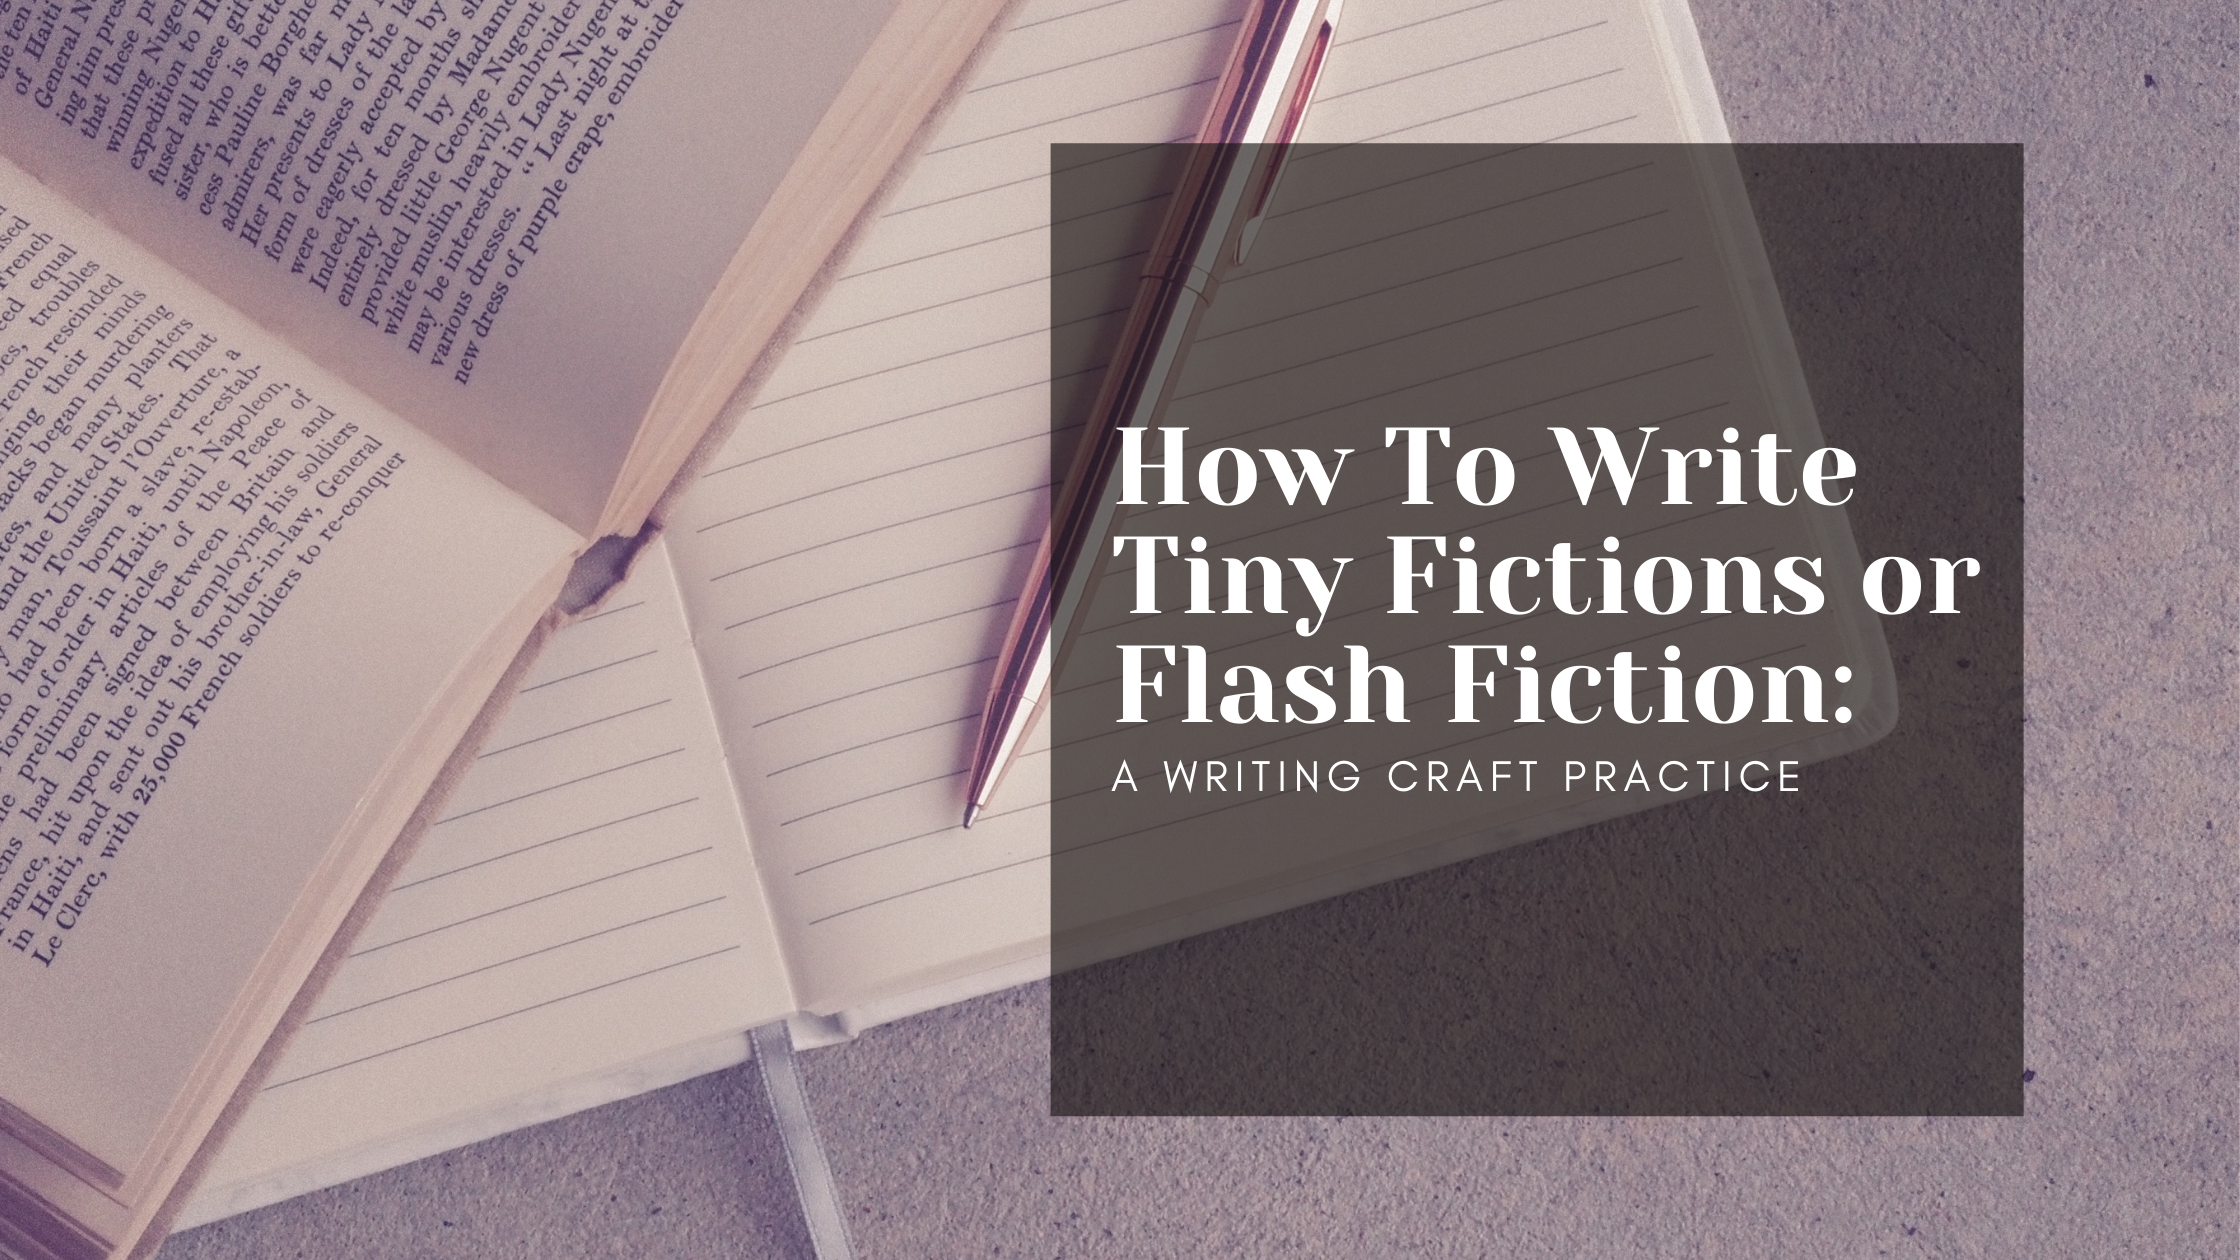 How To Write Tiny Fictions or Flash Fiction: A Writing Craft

* * *

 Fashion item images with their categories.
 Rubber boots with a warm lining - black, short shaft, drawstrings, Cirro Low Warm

...

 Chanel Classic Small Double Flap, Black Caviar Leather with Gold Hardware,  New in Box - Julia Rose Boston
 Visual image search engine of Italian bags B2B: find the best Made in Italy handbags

**Task**
Copy out the range of lines above starting at the line with "Chanel Classic Small" and ending at the line with "Visual image search", exactly and including both.

**Answer box**
 Chanel Classic Small Double Flap, Black Caviar Leather with Gold Hardware,  New in Box - Julia Rose Boston
 Visual image search engine of Italian bags B2B: find the best Made in Italy handbags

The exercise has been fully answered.